= Data block =
___
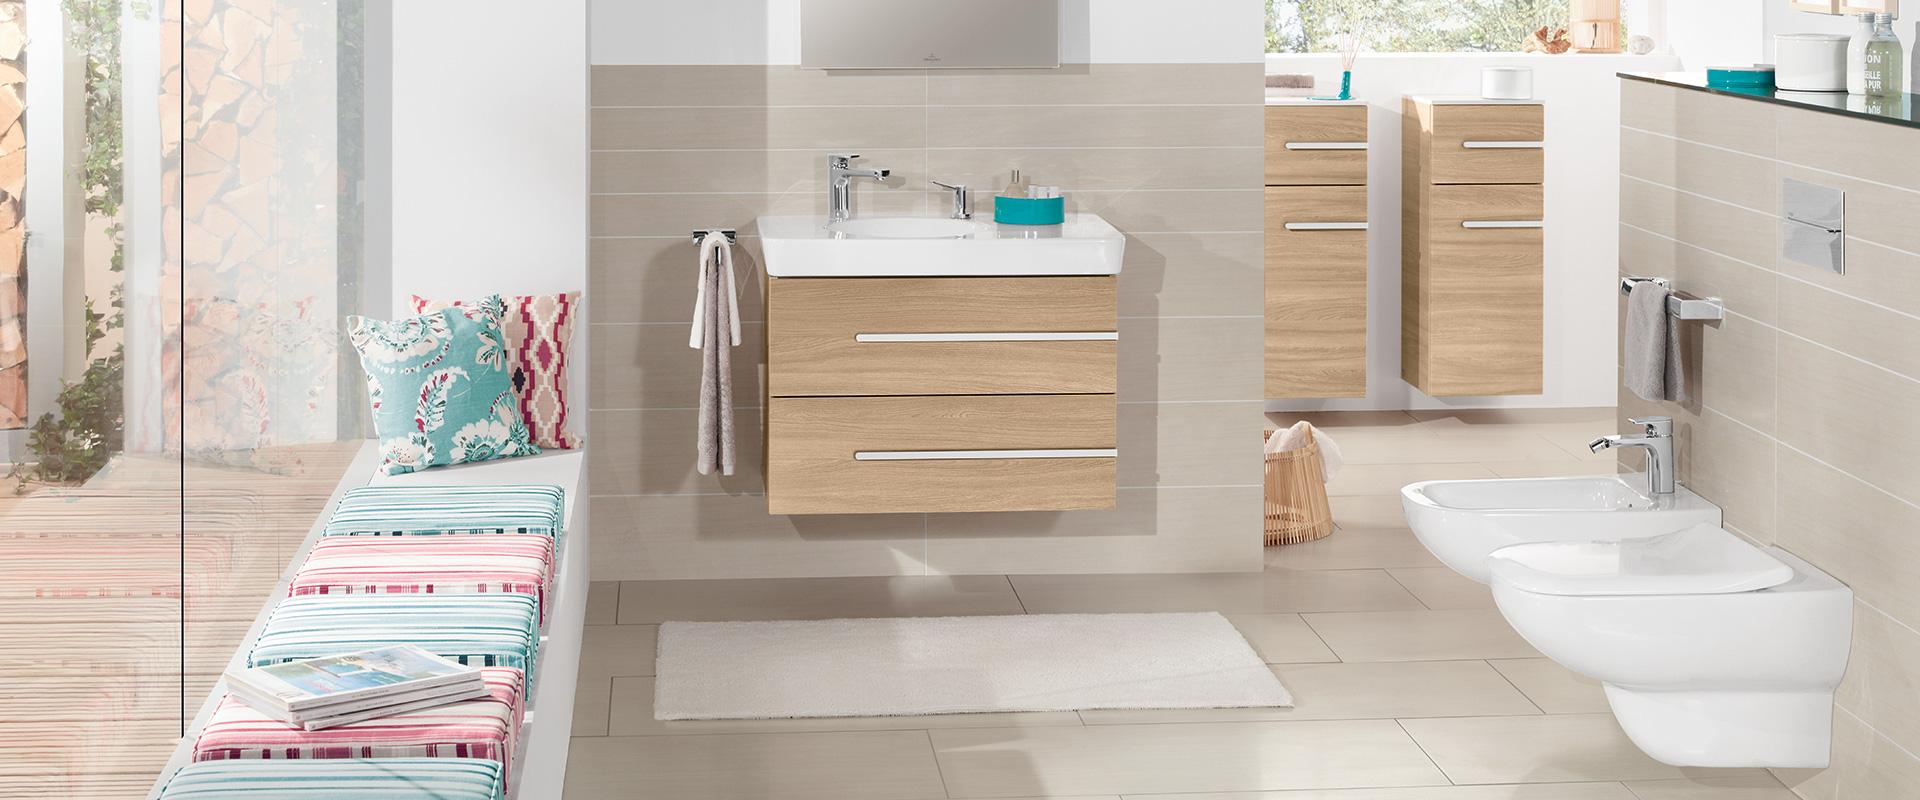 Villeroy Boch Badezimmer Jtleighcom Hausgestaltung Ideen  U003e Villeroy Boch  Badezimmer Set
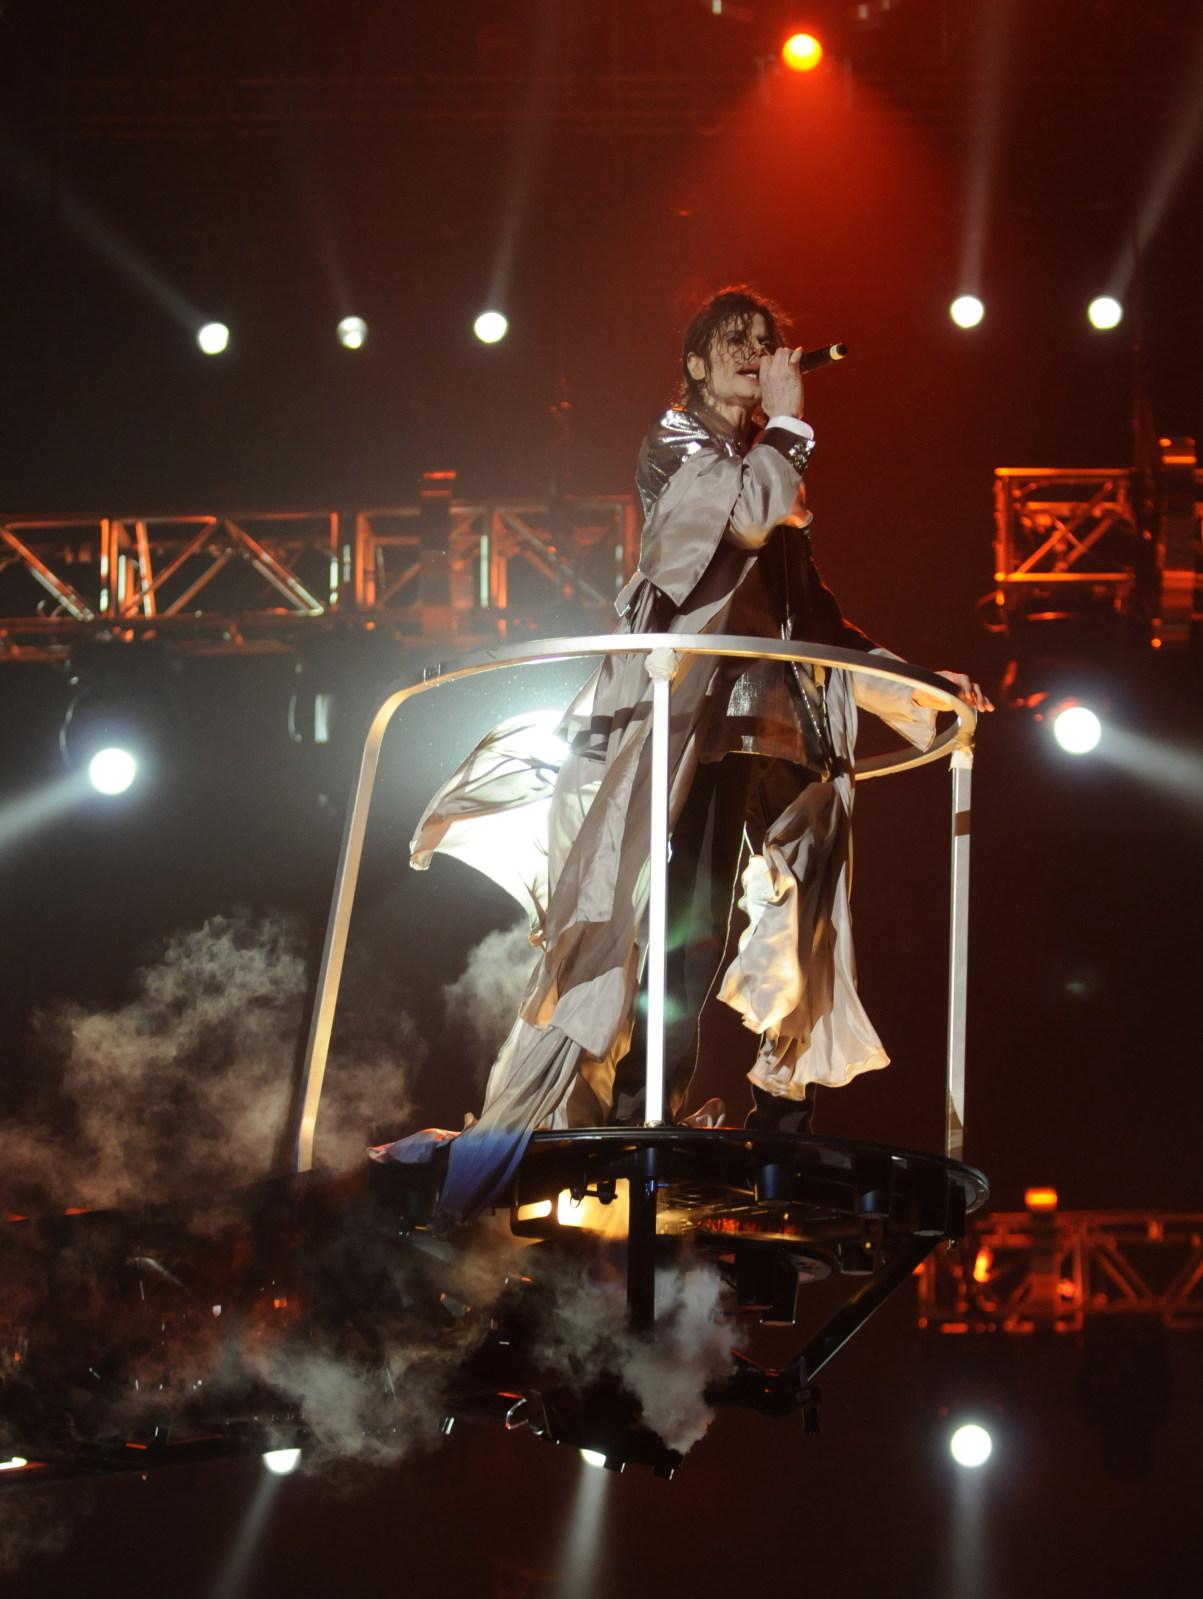 http://2.bp.blogspot.com/__iuYbs5zGVw/TRbWsINoqEI/AAAAAAAAATE/MXfayLN4Iw0/s1600/michael-jackson-this-is-it-singing-lift.jpg
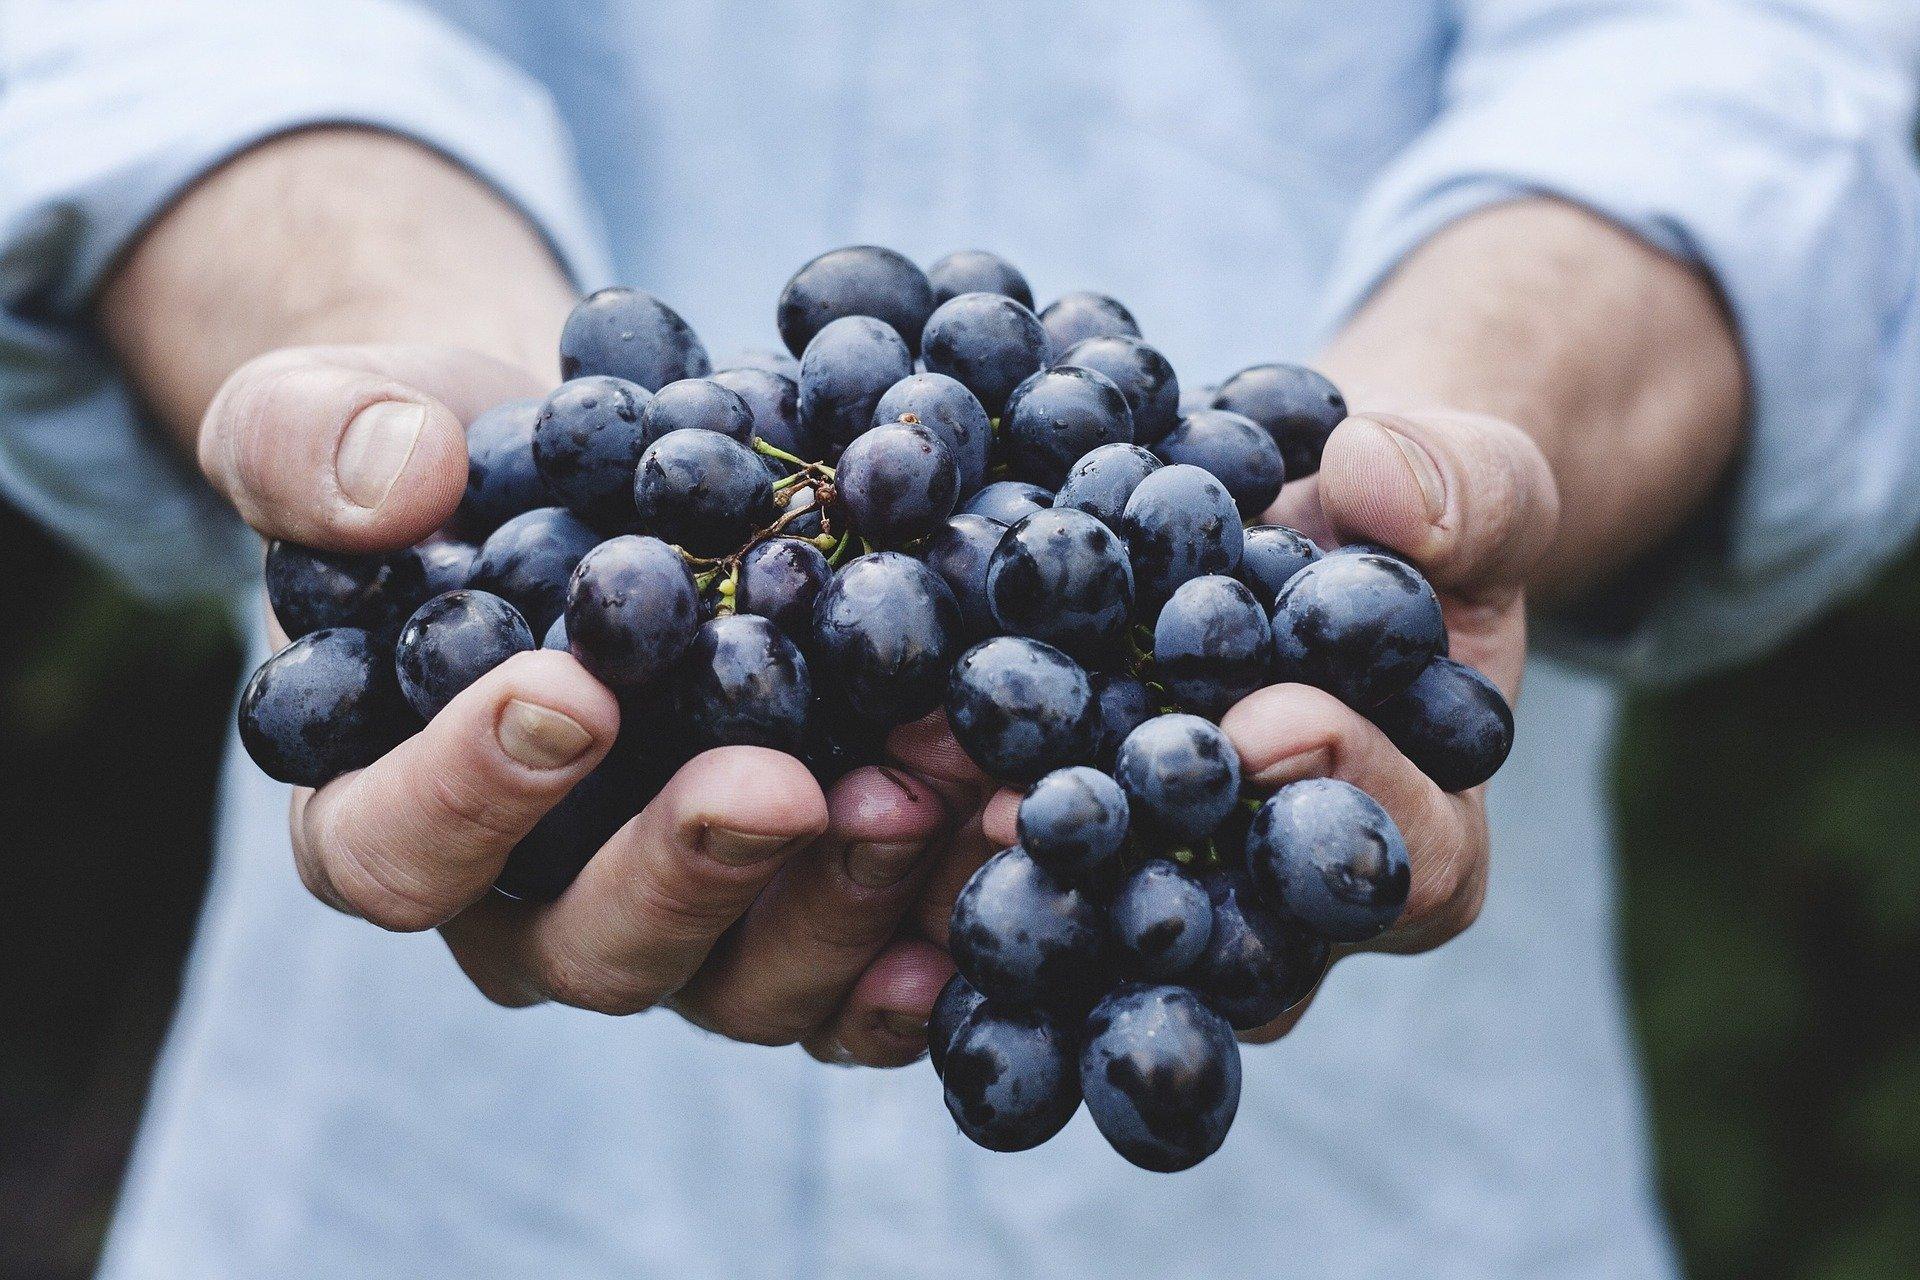 grapes-690230 1920
___
= What is expected =
Return every line of the data above exactly, and omit all pictures.

= Problem solution =
 Villeroy Boch Badezimmer Jtleighcom Hausgestaltung Ideen  U003e Villeroy Boch  Badezimmer Set
 http://2.bp.blogspot.com/__iuYbs5zGVw/TRbWsINoqEI/AAAAAAAAATE/MXfayLN4Iw0/s1600/michael-jackson-this-is-it-singing-lift.jpg
 grapes-690230 1920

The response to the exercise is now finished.